Retro · methodology study

Zcash Orchard counterfeiting bug

Re-ran our pipeline against the 2021 introducing commit. Honest receipt.

Disclosed: 2026-05-29 · Taylor Hornby (Shielded Labs)
Patched: 2026-06-01 · halo2 commit d8e48efd
Retro target: zcash/halo2 @ cc9dd205 (2021-06-05)
Reviewer stack: claude-opus-4-7 + gpt-5

The bug

On May 29, 2026, Taylor Hornby — security engineer at Shielded Labs, working with a custom audit harness he calls zcash-full-stack-auditor paired with Claude Opus 4.8 — disclosed a critical counterfeiting vulnerability in the Zcash Orchard pool. The defect: in the variable-base scalar-multiplication gadget (ecc::chip::mul), the per-row base coordinates (x_p, y_p) were written with assign_advice instead of copy_advice. The constancy gate (q_mul_2) kept the base constant across rows, but never anchored it to the actual base argument. A prover could supply B' ≠ base and the proof still verified — producing [scalar] B' instead of [scalar] base. Unlimited undetectable counterfeit ZEC.

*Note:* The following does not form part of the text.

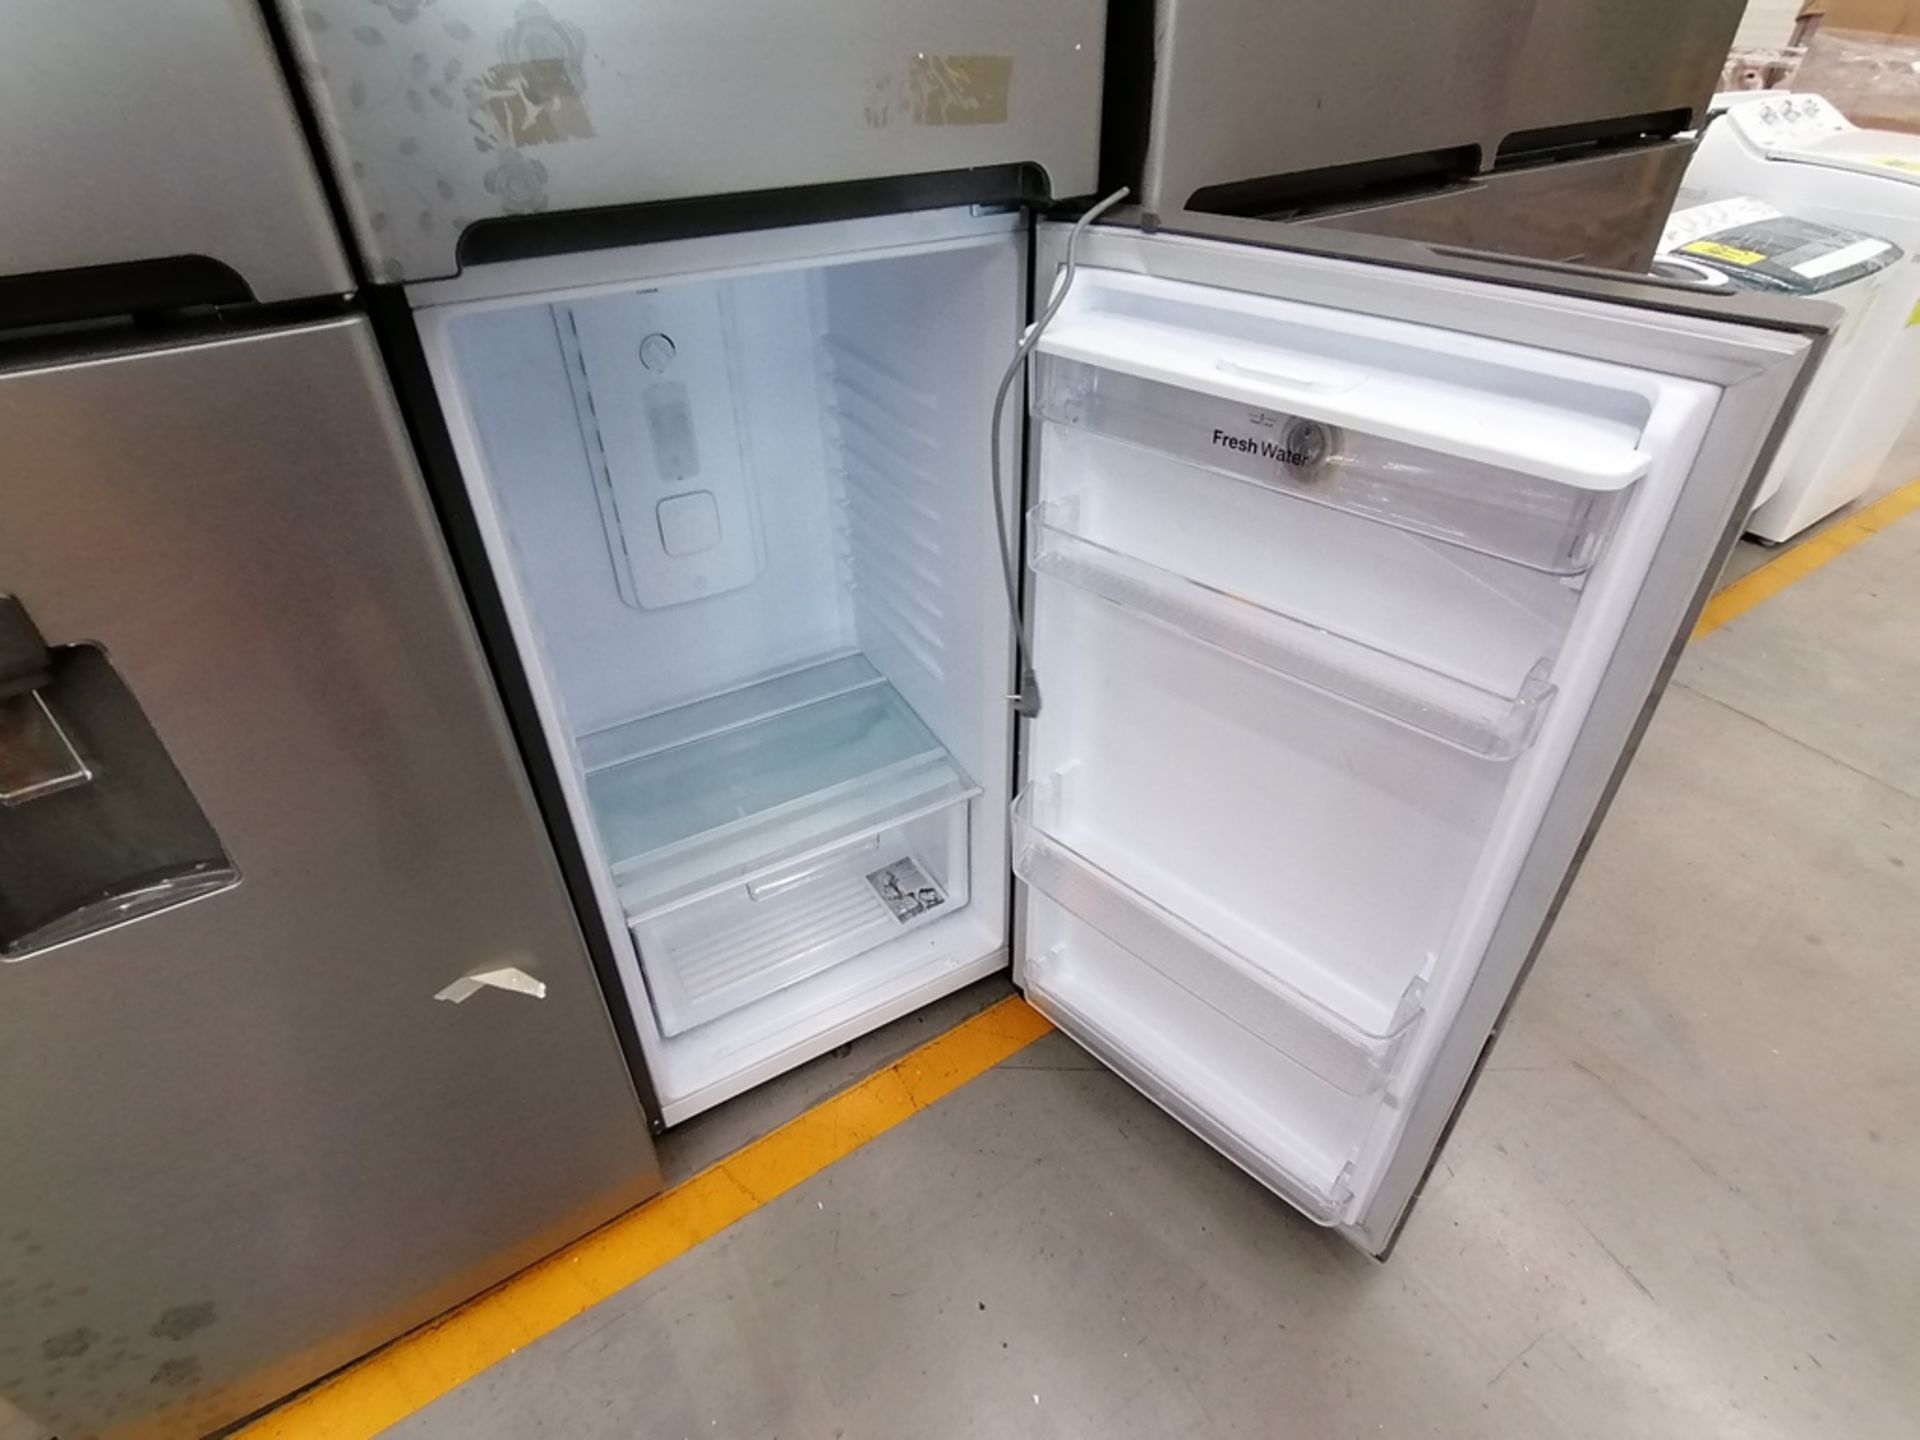 Lote de 2 Refrigeradores, Incluye: 1 Refrigerador con dispensador de agua, Marca Winia, Modelo DFR4 - Image 13 of 16

The defect was present from Orchard activation in May 2022 until the emergency fix on June 1, 2026. Four years.

The question

Would AntFleet's two-model unanimous review — Claude Opus 4.7 + GPT-5, generalist prompt, the same gate that runs on every PR — have caught Taylor's bug at the original 2021 introducing commit?

And how much closer does a thin halo2-specialist prompt wrapper get us, without a custom audit harness or a model upgrade?

Methodology

Four runs, two prompts × two reviewer stacks. All four had the same files, same providers, same temperature, same gate. The retro target is the original PR that introduced the gadget — cc9dd205 on zcash/halo2, June 5, 2021. Both bug surfaces are present in that commit.

Generalist prompt — the unmodified spike prompt used in production AntFleet review. Asks for findings in eight standard categories (correctness, security, concurrency, etc.). No halo2-specific lens.
Specialist prompt — the generalist prompt prefixed with a ~50-line halo2 context block describing five circuit-soundness defect classes (under-constrained advice cells, constraint-scope gaps, missing chip-boundary anchoring, lookup omission, conditional-gate fallback). Names the class of defect; does not name the specific bug, file, or symbol.

Both runs were blind: the prompt label was scrubbed of any reference to the bug, mechanism, or disclosure date. The repo name (zcash/halo2) and the commit SHA are visible — those are what a real reviewer would see.

Results

	Opus 4.7	GPT-5
Generalist (production)	PARTIAL Missed Taylor's specific defect. Flagged : “”. Adjacent counterfeit-class bug in the same gadget, different mechanism.	PARTIAL Missed Taylor's specific defect. Flagged CRITICAL: “Variable-base mul does not constrain the input scalar to the decomposed bits (q_mul_decompose_var never enabled; scalar cell never used)”. A different counterfeit-class soundness bug in the same code.
+ halo2 specialist wrapper (blind)	PARTIAL CRITICAL: “Scalar input to variable-base scalar multiplication is never copy-constrained into the recovery row”. Caught the bug class but localized to `process_lsb` instead of the main `double_and_add` loop. Recall lift over generalist, wrong location.	CLASS HIT “Base point argument is not copy-constrained into x_p/y_p columns (missing anchoring across regions).” Named the missing copy-constraint mechanism on the base coordinates — the defect class Taylor's bug exploits. Mechanism and fix direction align with the June 1 commit; not a direct pin of the `copy_advice` call site.

The class hit, verbatim

GPT-5, specialist wrapper, blind. No mention of the bug, the disclosure date, or Taylor in the prompt.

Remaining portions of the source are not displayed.